К слову о
языковом аспекте вызова геттоизации По поводу того, что
Игорь Стрелков будет наказывать ополченцев за нецензурную брань »»» ... Примером типичного и совершенно бестолкового холивара по этому поводу могло бы быть что-то вроде следующего.
Некто заметил бы, что ведь истории известны прецеденты, когда сами командиры поднимали бойцов в атаку не только священными именами, но и, наоборот, словами, что называется, ненормативного характера. Ему бы возразили, что это имело место при атеистической идеологии. Но кто-то нашел бы примеры ненормативной лексики у командиров или бойцов и в царской армии. На это бы замечалось, что это последствия петровских реформ, сильно поколебавших, в целом, исконное идентичностное начало русского народа и его социальных институтов (среди которых и армия).

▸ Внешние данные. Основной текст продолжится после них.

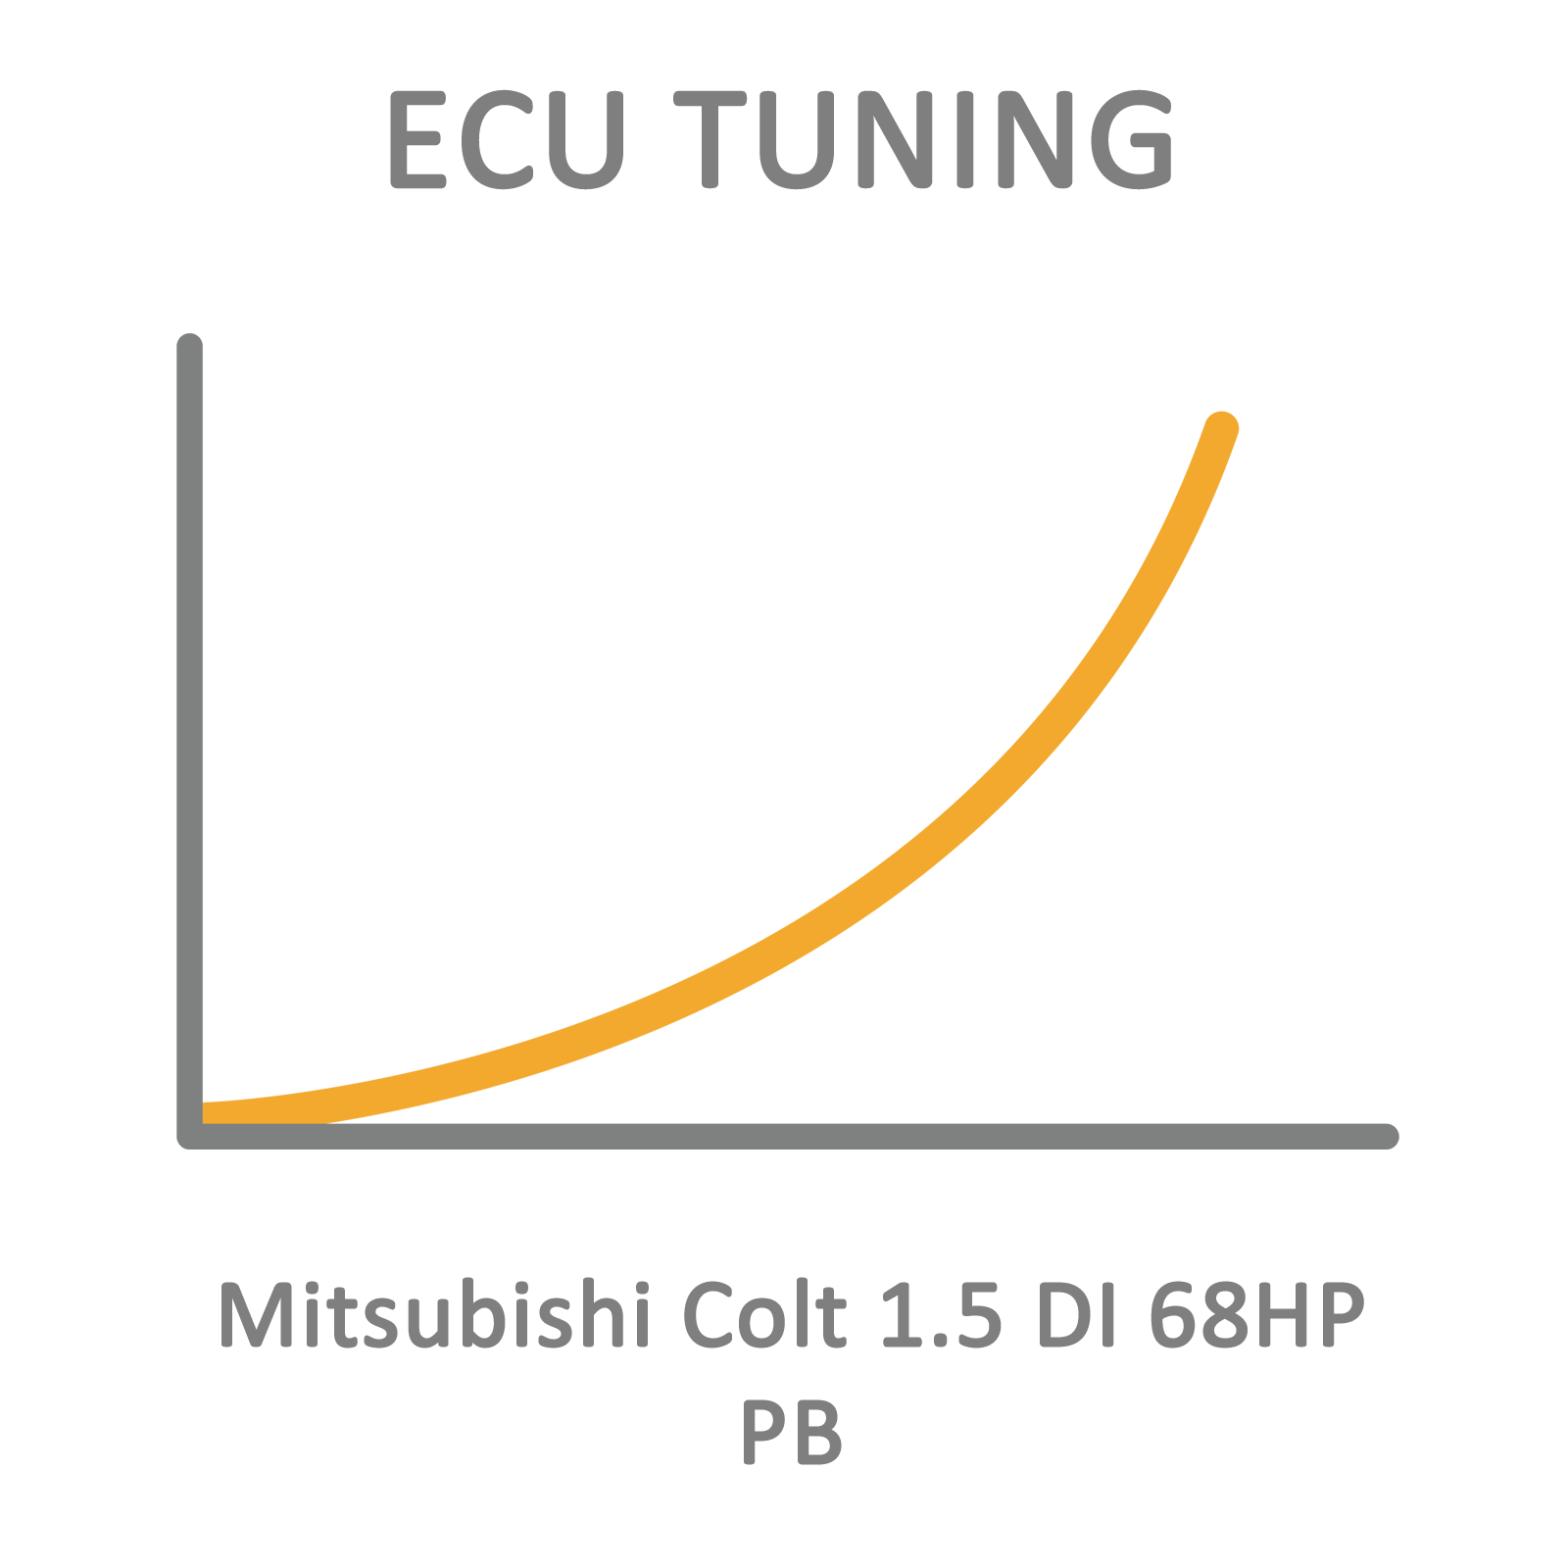 Mitsubishi Colt 1.5 DI 68HP PB ECU Tuning Remapping

И далее, как обычно, каждый остался бы при своем. А именно, при своем, сегодня чрезвычайно противоречивом у каждого, понимании культурно-цивилизационных кодов общественно-исторического бытия и сознания русского народа. Посему это и было бы совершенно бестолковым способом реагирования на информ.повод, в котором приказ главнокомандующего запрещает солдатам употреблять матерные слова.
Однако это не означает, в принципе, невозможности конструктивного обсуждения этого инфо.повода, ибо он содержит в себе крайне значимые моменты мировоззренческого и даже метафизического характера.
В этой связи, хотелось бы коротко изложить предельно критическую, но, на мой взгляд, столь же предельно справедливую позицию.
За трактовкой мата, озвученной г-м Стрелковым, стоит отнюдь НЕ любовь к Слову, про которое говорится
в начале Евангелия от Иоанна, НО языческий магизм, рассматривающий слова как инструмент заклинания стихий. И более того, и сами слова представляются как некая фатально могущественная стихия, независимая от воли и сознания человека.
Понимает ли лично г-н Стрелков это, отдает ли отчет в этих чрезвычайно существенных нюансах?... Как бы то ни было, но по его словам, обосновывающим его приказ, получается, что это "неправильные" слова бойцов "ведут армию к поражению". Именно эти слова и именно в этих устах, получается, приводят к поражению, а совсем не безвольные решения командиров.
Решения тех командиров, которых пользуют в мутной, циничной, провокационной полит.игре. Тех
двусмысленных командиров, которые"готовы умереть на развалинах Славянка, но с твердой верой", однако "вера эта рвется, как растянутый полиэтилен на штормовом ветру - с каждым днем все сильнее и сильнее".
Всё это усугубляется ещё тем, что
во-первых, подчеркивание "нерусского происхождения" слов матерной брани продолжает известную тенденцию, когда, с позиций некой виртуальной лингвистической "чистоты", из культурно-исторического опыта, вместе с водой инородного и скверного, выплескивается ребенок, которым является творческое начало в языке - то начало, благодаря которому язык именуется душой народа, и которое, особенно в случае русского народа и его великого и могучего языка, не может быть замутнено никакими заимствованиями и употреблениями слов, маркированных как "ненормативные"; поэтому,
во-вторых, язык, становясь предметом вот такого, как в данном случае, казарменного диктата, вкупе с этой двусмысленной борьбой за его "чистоту", в этом качестве он, собственно, и превращается в инструмент фашистского образца диктатуры, с запрещением языков, исторически неотъемлемых от культурного опыта народа, как и запрещением всего того, что неотъемлемо составляет культурное наследие, принадлежащее этому народу (авторов, книг и т.д.);
в-третьих, утверждение о том, что матерные слова способны "воздействовать на русских воинов через дух", постулирует примат естества над духом, а тем самым скверное в естестве оказывается сильнее духовного в человеке.
Говорить о том, что что бы то ни было способно "духовно унижать" - именно это есть и чудовищное богохульство, и пораженчество, закладываемое в самое предельное основание действий и мыслей участников войны!